Setelah perayaan besar yang menyatukan mereka dengan teman-teman dan komunitas kampus, suasana mulai berubah. Kehangatan yang tadinya menyelimuti Elias dan Mischa seolah memudar saat realitas kehidupan menghampiri. Di dalam diri mereka, mulai muncul ketegangan. Mereka mulai memikirkan jalan hidup yang berbeda dan merasakan dilema mendalam mengenai pilihan-pilihan karir mereka.
Elias merasa tertarik untuk mengejar jalur yang lebih praktis, bekerja di industri teknologi yang berkembang pesat. Mischa, di sisi lain, merasa panggilan yang kuat untuk tetap berada di jalur sosial, terlibat lebih dalam dengan pekerjaan-pekerjaan komunitas dan pengembangan masyarakat. Keduanya menyadari bahwa meski mereka telah menempuh perjalanan panjang bersama, mungkin jalan mereka mulai bercabang.
"Ini lebih sulit dari yang kubayangkan," kata Elias dalam hati saat dia memikirkan persahabatan mereka dan bagaimana keputusan-keputusan yang diambil bisa mengubah segalanya.
Di taman kampus yang dulu sering mereka kunjungi, Elias dan Mischa duduk berdua, berbicara tentang masa depan mereka. Mereka merasakan ketidakpastian yang begitu besar. Suara daun yang bergesekan di atas kepala mereka terdengar seiring embusan angin, menciptakan suasana tenang namun penuh dengan beratnya percakapan yang akan datang.
“Aku tidak tahu harus memilih yang mana,” kata Mischa sambil menundukkan kepala. “Ada banyak hal yang ingin kulakukan, tetapi entah kenapa aku takut kalau aku mengambil jalan yang salah.”
Elias menatapnya, wajahnya serius. “Aku juga merasa begitu.
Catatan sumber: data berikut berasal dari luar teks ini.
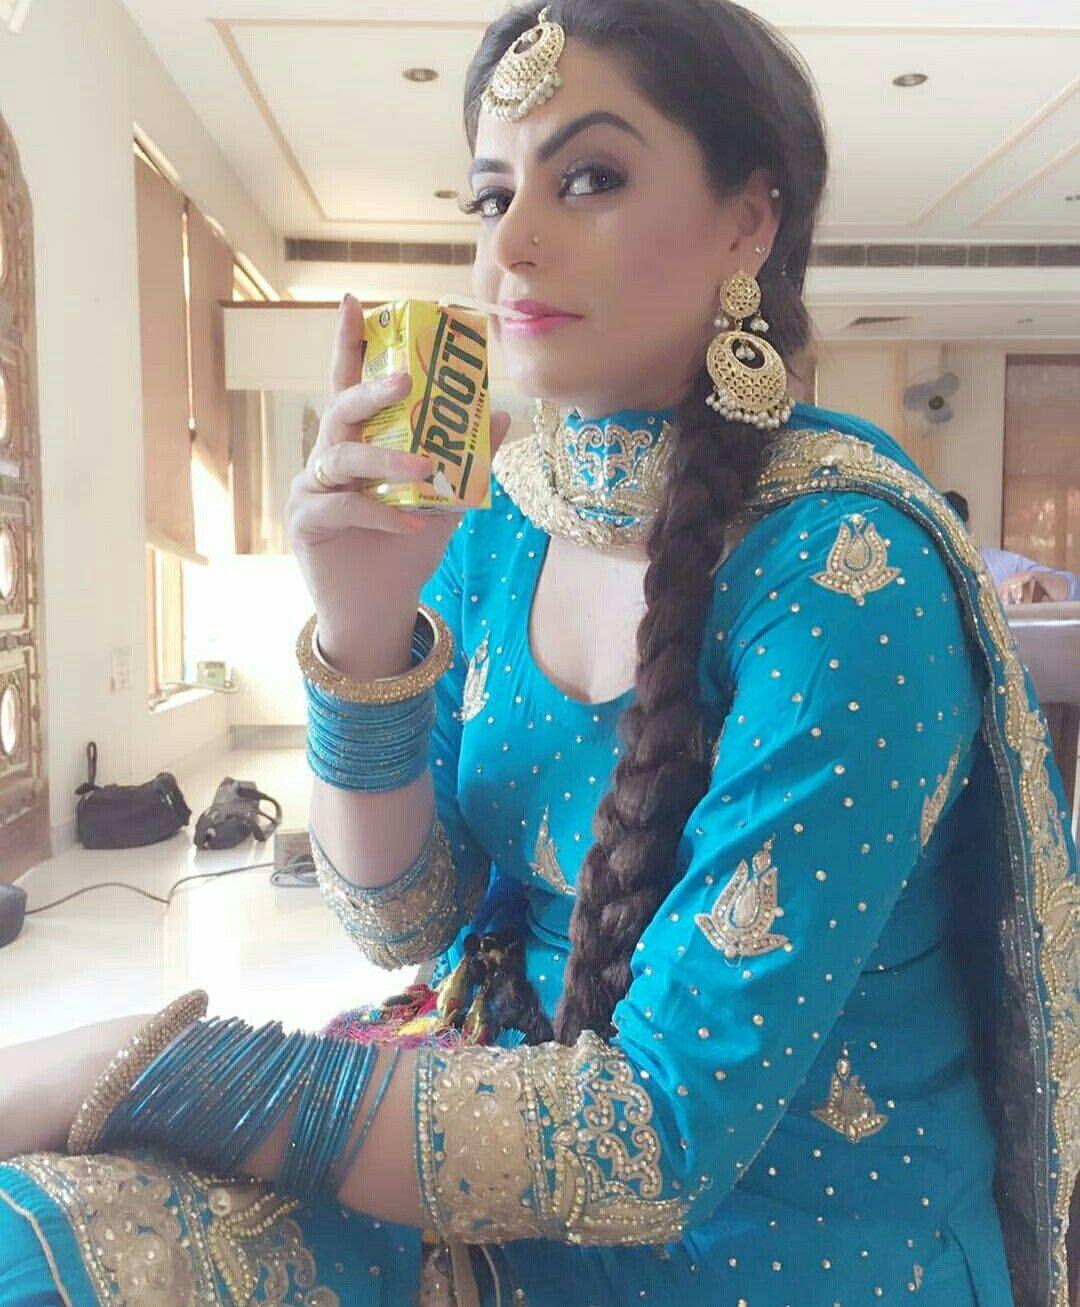 Pin by Kirandeep Kaur on punjabi suits lovr | Pinterest | Punjabi ...

Tapi mungkin, ini waktunya bagi kita untuk mencoba sesuatu yang berbeda. Kita sudah bersama begitu lama, mungkin kita bisa saling mendukung meski pada akhirnya pilihan kita berbeda.”
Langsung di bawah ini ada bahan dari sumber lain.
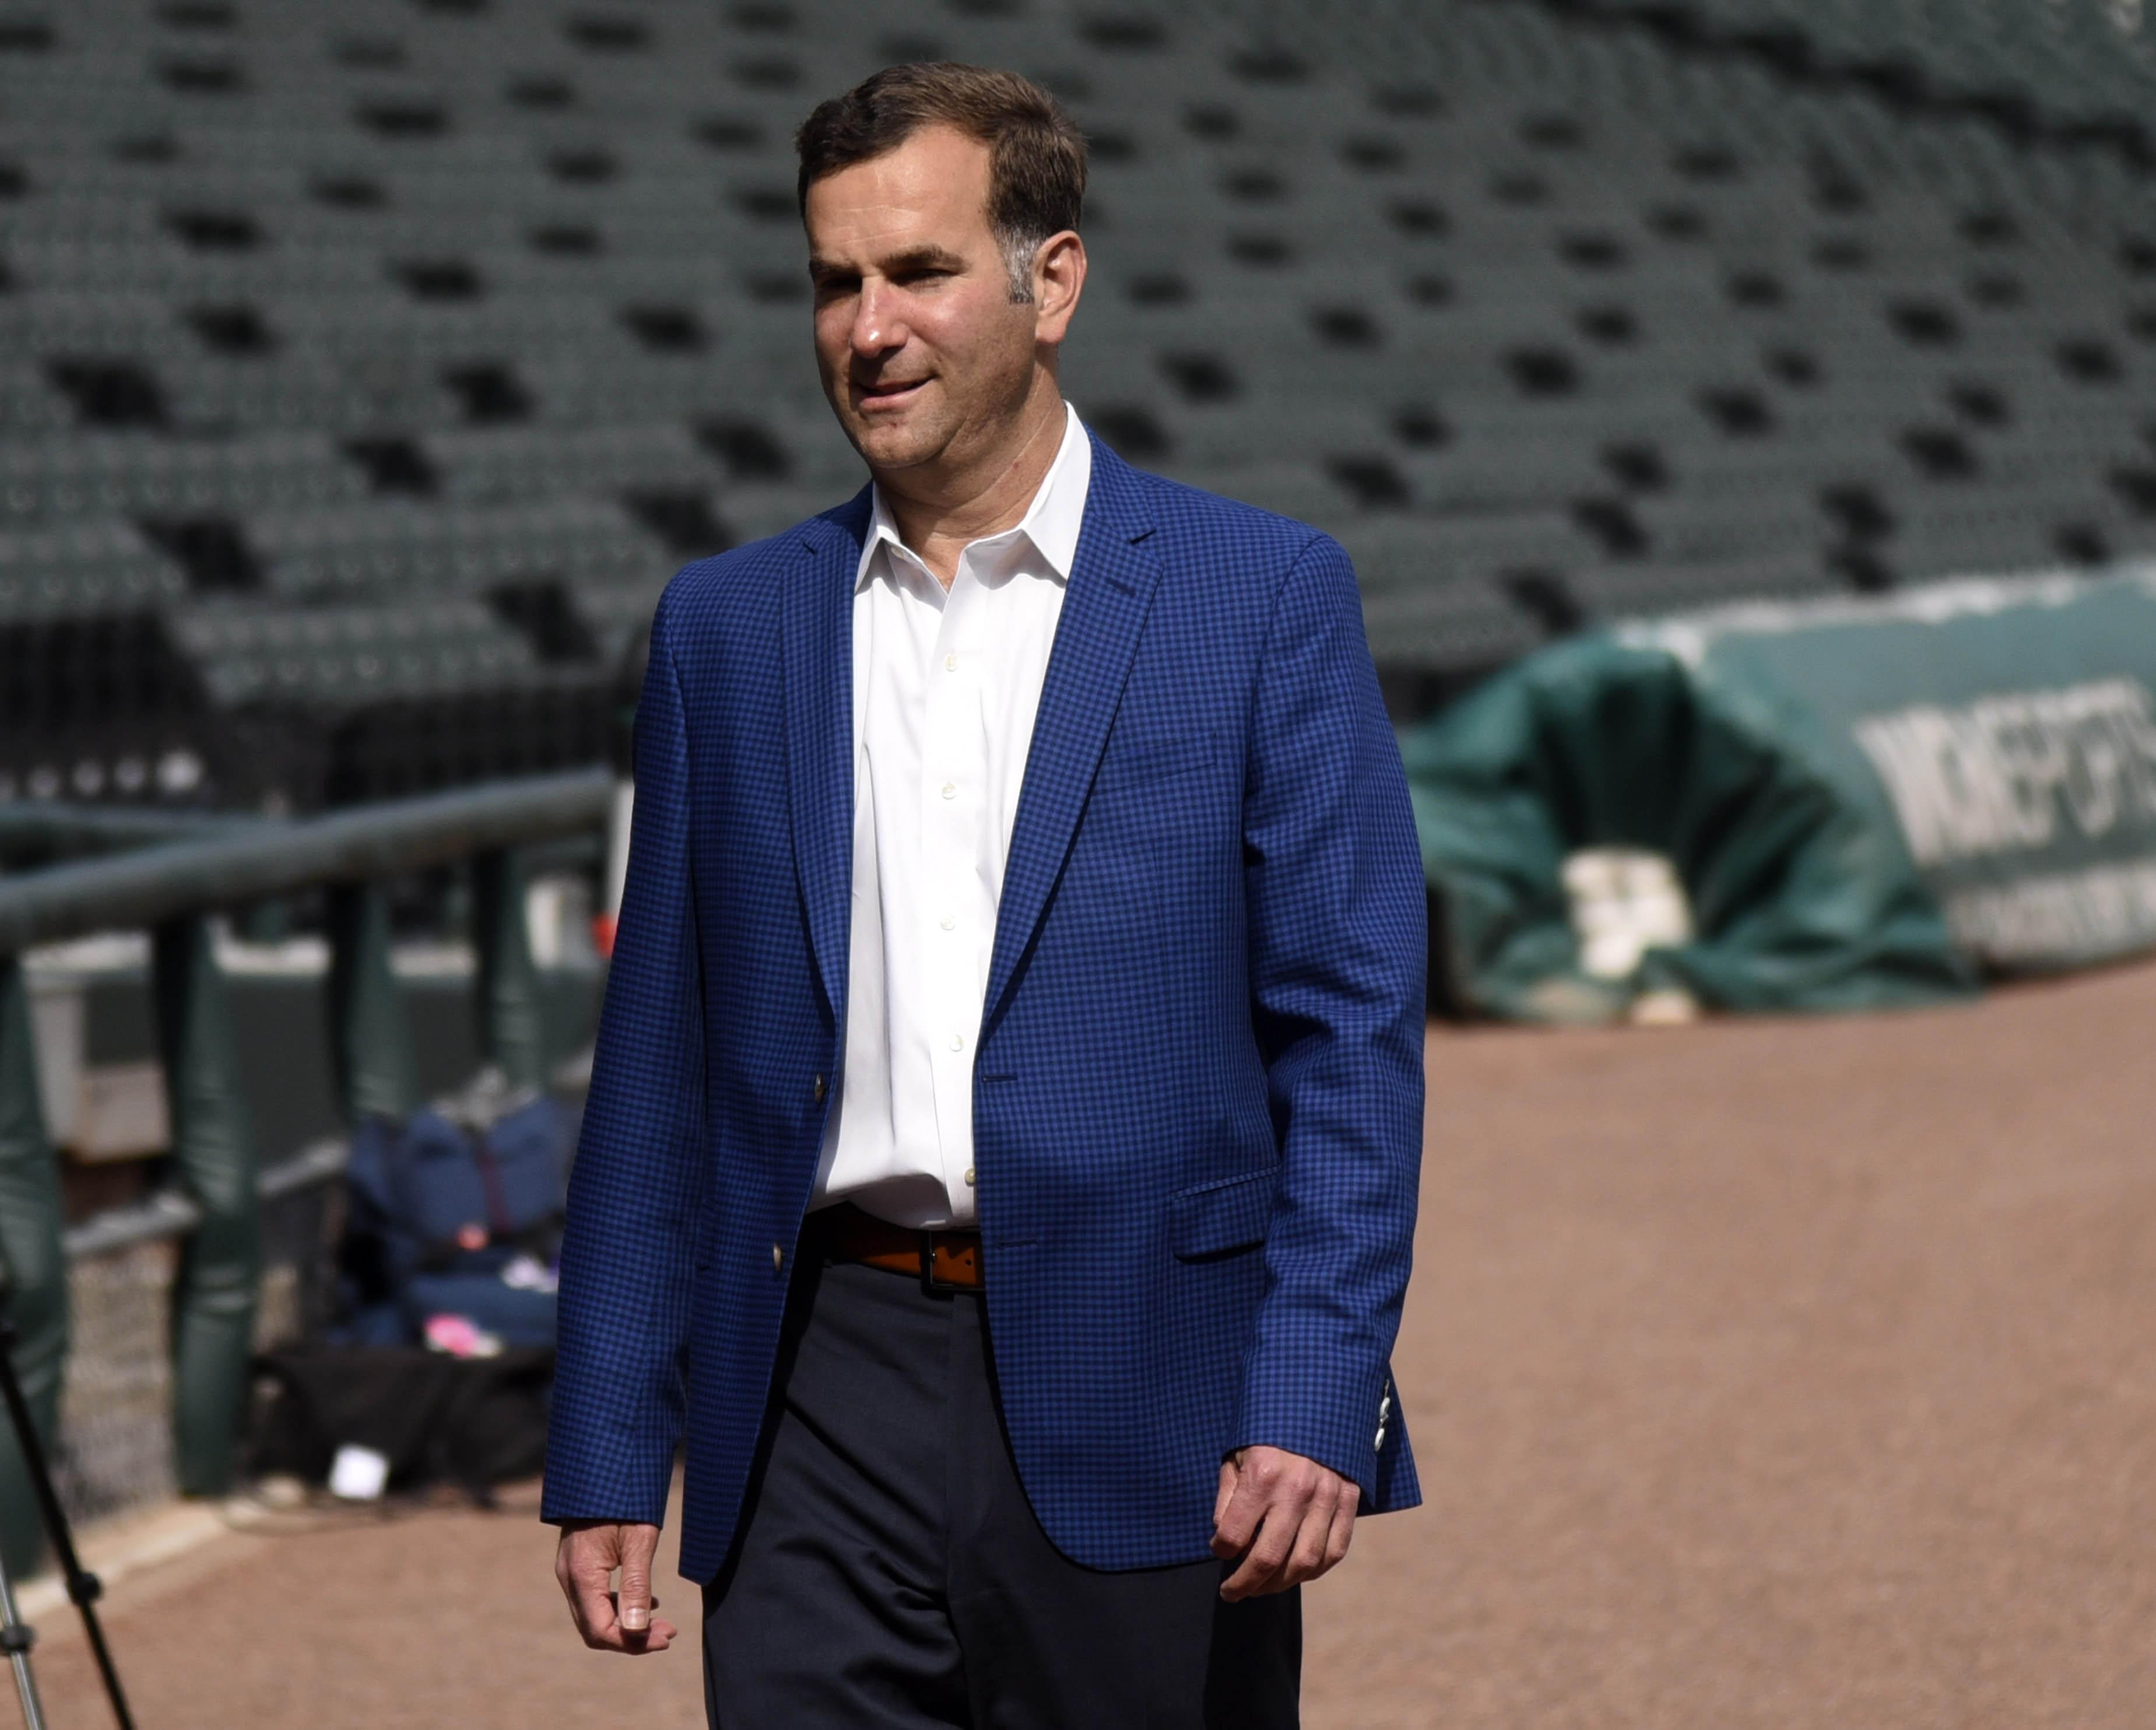 MLB: Houston Astros at Chicago White Sox

Mereka berbicara selama berjam-jam, menggali mimpi, ketakutan, dan harapan masing-masing. Meskipun ada perbedaan pandangan, Elias dan Mischa tetap mendengarkan satu sama lain dengan penuh perhatian, tanpa menghakimi. Bagi mereka, persahabatan adalah tentang memahami, meskipun tidak selalu setuju.
Setelah diskusi panjang itu, mereka memutuskan untuk mencari pandangan lain—keluarga. Keduanya pulang ke rumah masing-masing, bertemu dengan orang tua dan saudara yang selalu menjadi tempat bagi mereka untuk berbagi cerita.
Di rumahnya, Elias duduk bersama ayahnya di ruang tamu yang hangat. "Aku bimbang," katanya. "Teknologi adalah masa depan, tapi aku takut jika aku meninggalkan semua yang sudah aku bangun dengan Mischa."
Ayahnya tersenyum bijak. “Pilihan selalu ada di tanganmu. Tapi ingat, apapun yang kamu pilih, pastikan itu adalah sesuatu yang membuatmu tumbuh, sesuatu yang membuatmu bahagia. Kamu tidak harus selalu berada di jalur yang sama dengan orang lain untuk tetap terhubung.”
Sementara itu, di rumah Mischa, ibunya memberi nasihat serupa. "Hidup ini tentang pilihan, sayang. Dan tak apa jika kamu dan Elias memilih jalan yang berbeda. Yang penting, kamu berani mengambil langkah dan bertanggung jawab atas keputusanmu."